▶ [WORK INSTRUCTIONS]
Each line between the one holding "Robert Murray M'Cheyne: Study" and the end of the material below, both included, is to be transcribed word for word, with pictures left out.

▶ [COLLECTED DATA]
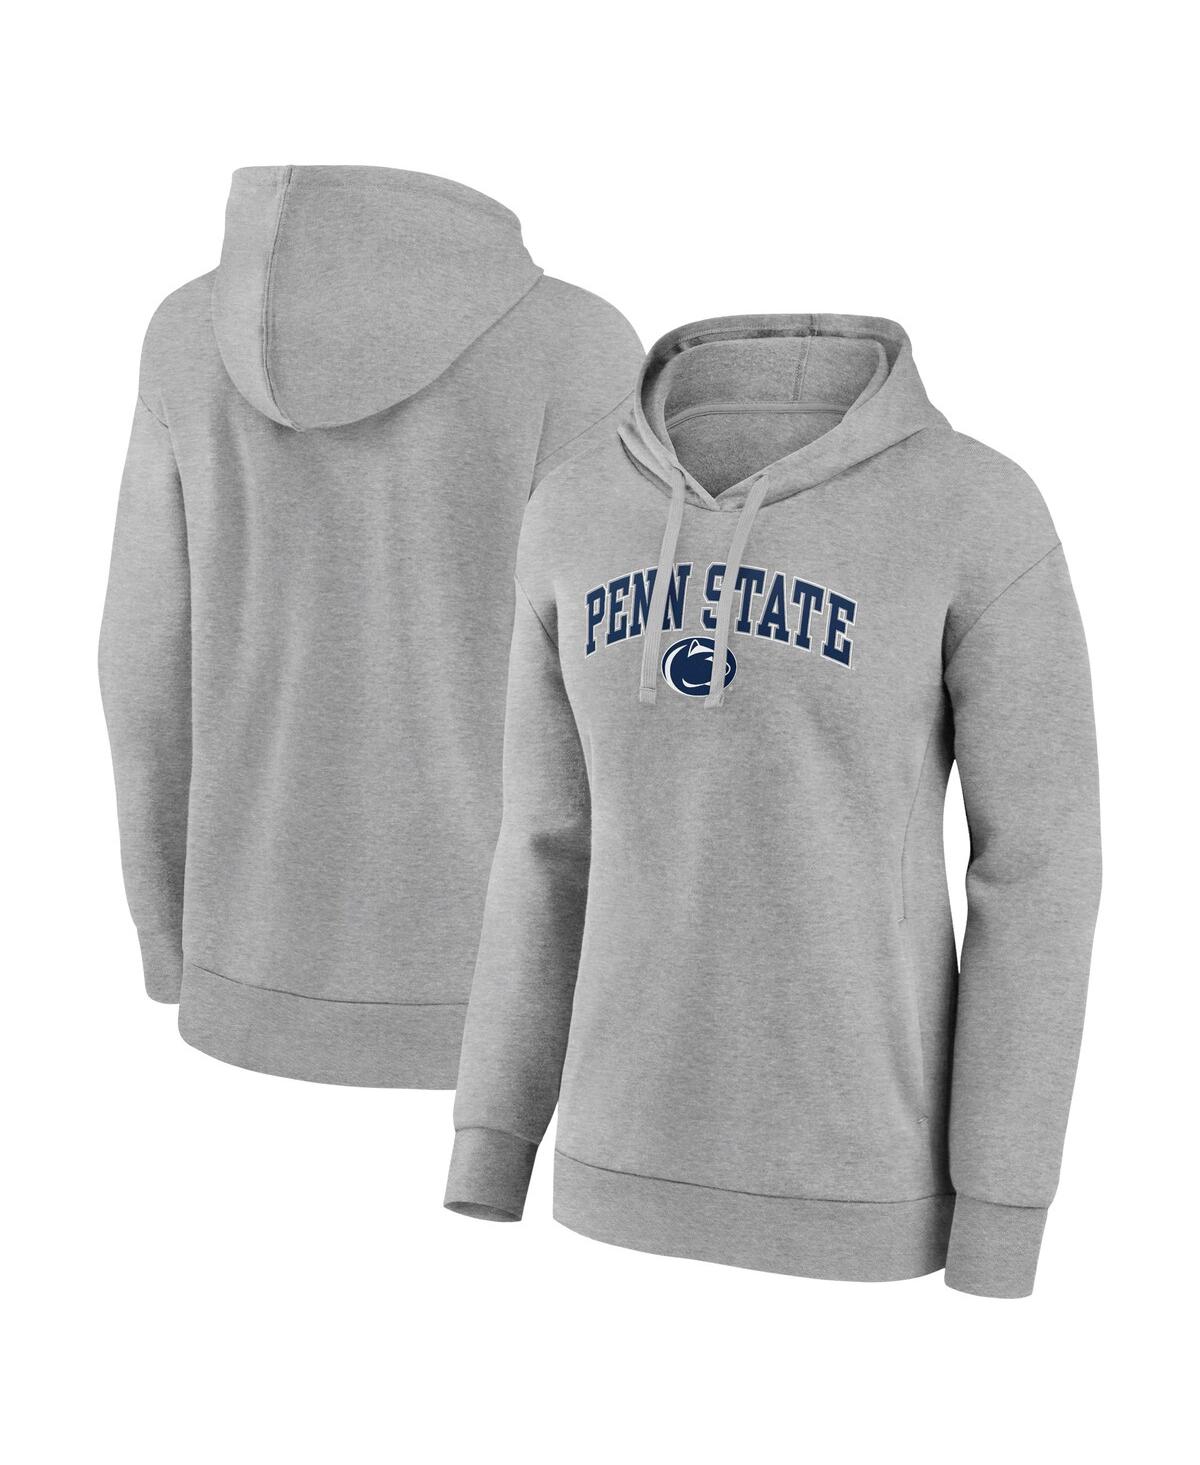 Women's Fanatics Heather Gray Penn State Nittany Lions Evergreen Campus Pullover Hoodie - Heather Gray
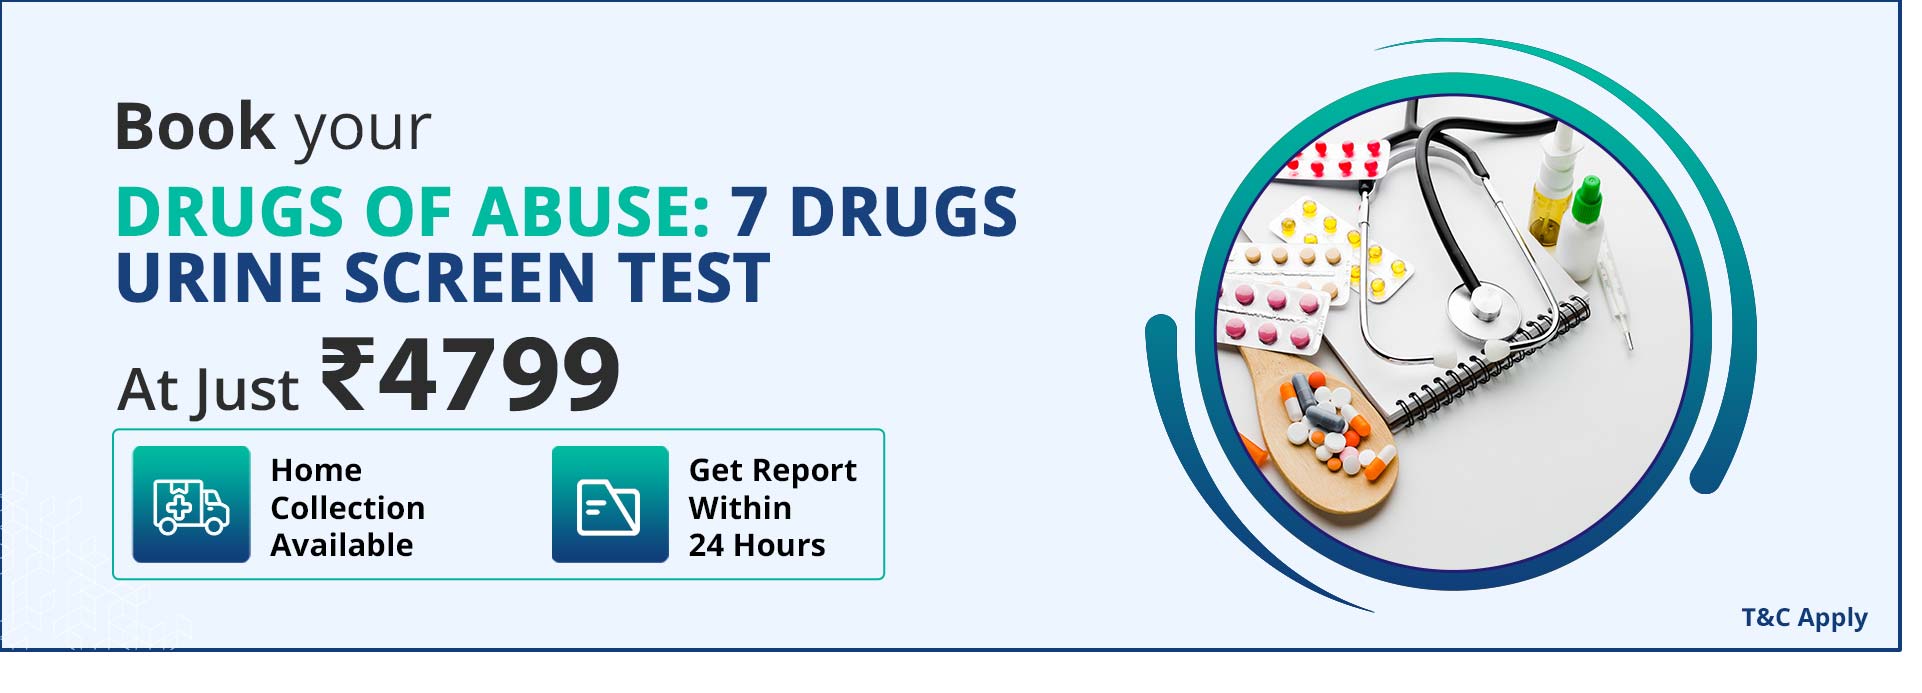 Drugs of Abuse: 7 Drugs Urine Screen Test
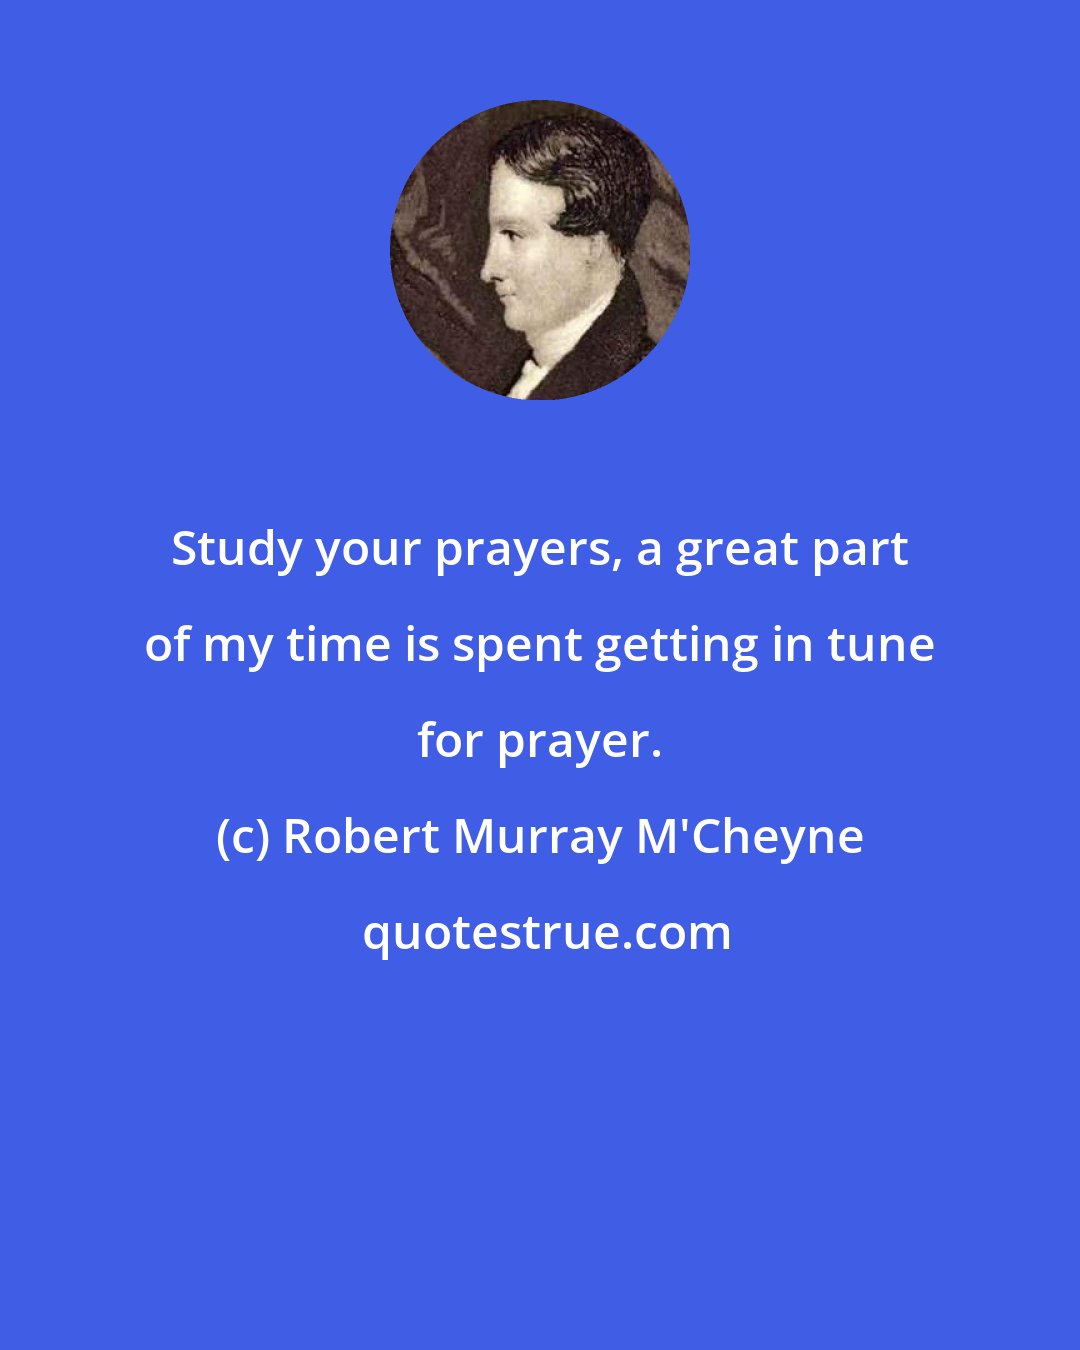 Robert Murray M'Cheyne: Study your prayers, a great part of my time is spent getting in tune for prayer.
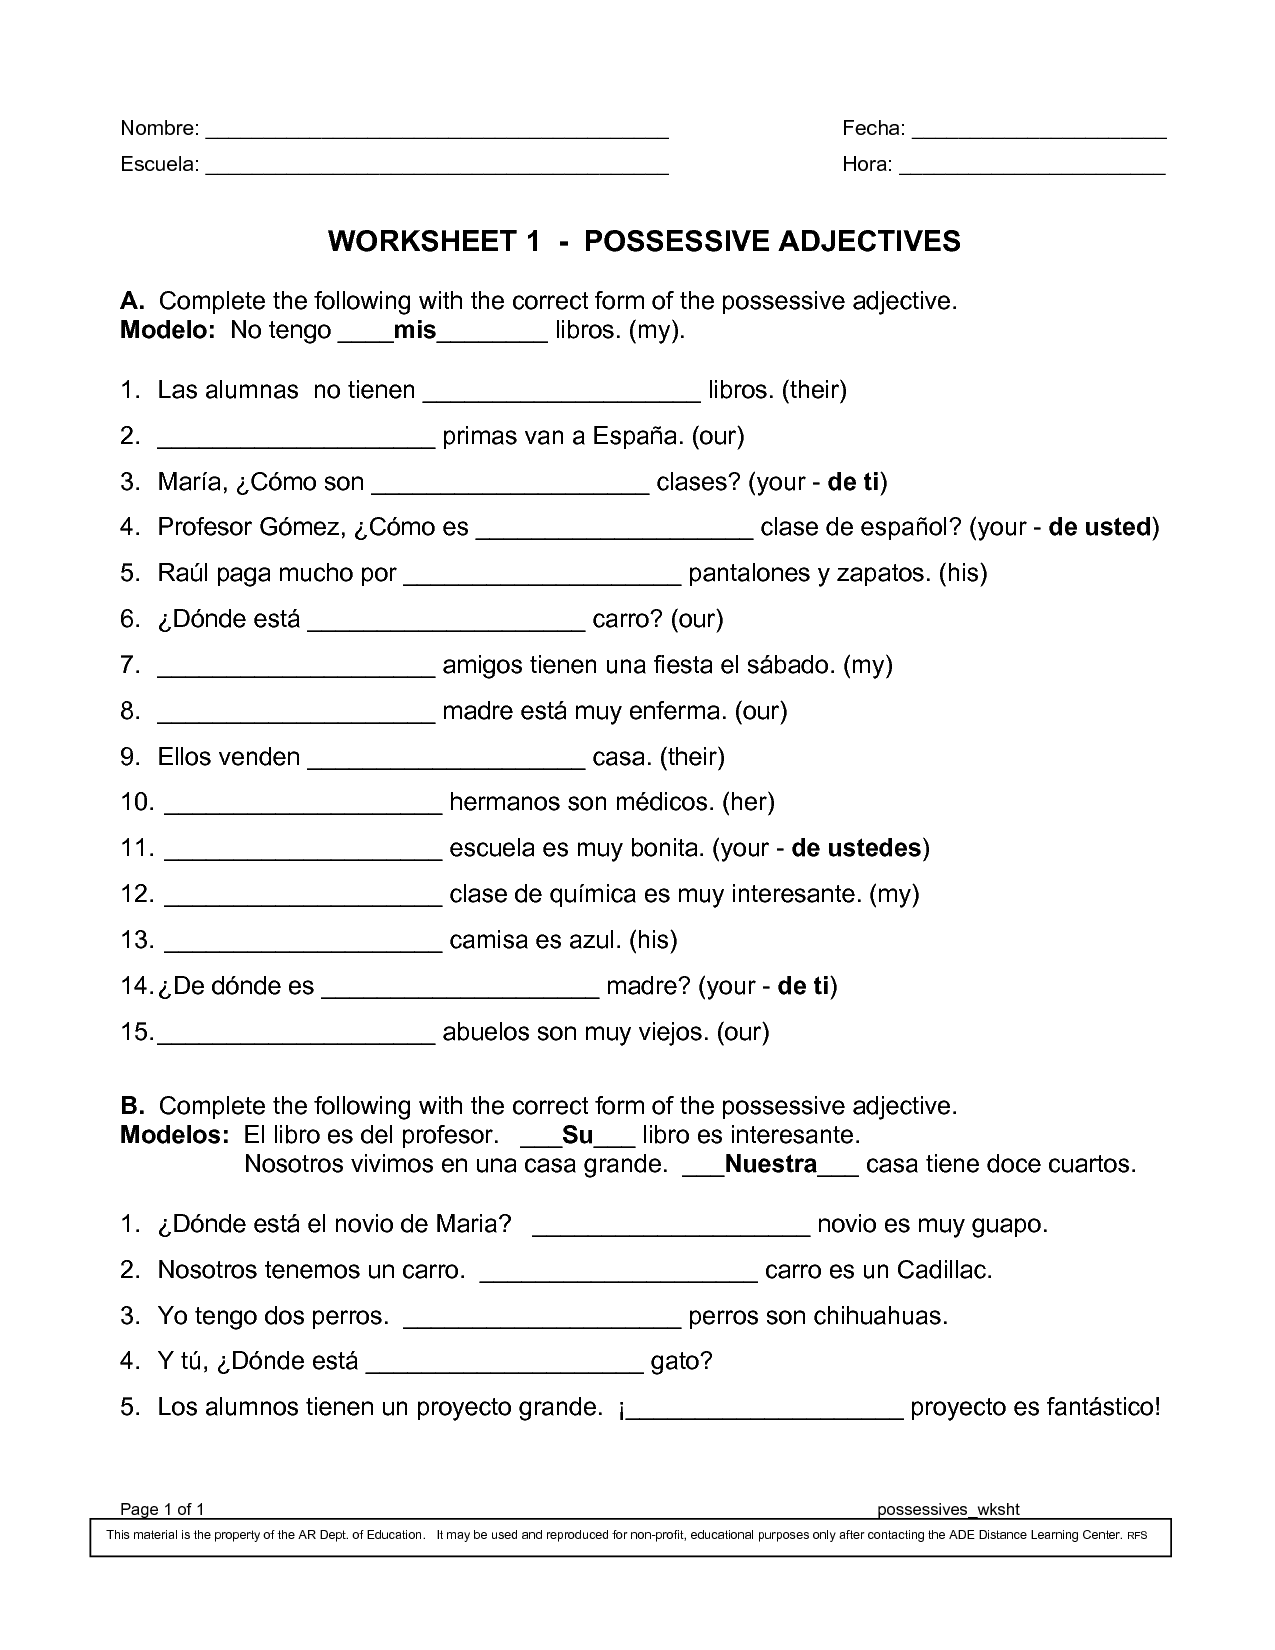 14-best-images-of-possessive-pronouns-adjectives-worksheets-spanish-possessive-adjectives

▶ [ANSWER BELOW]
 Robert Murray M'Cheyne: Study your prayers, a great part of my time is spent getting in tune for prayer.
 14-best-images-of-possessive-pronouns-adjectives-worksheets-spanish-possessive-adjectives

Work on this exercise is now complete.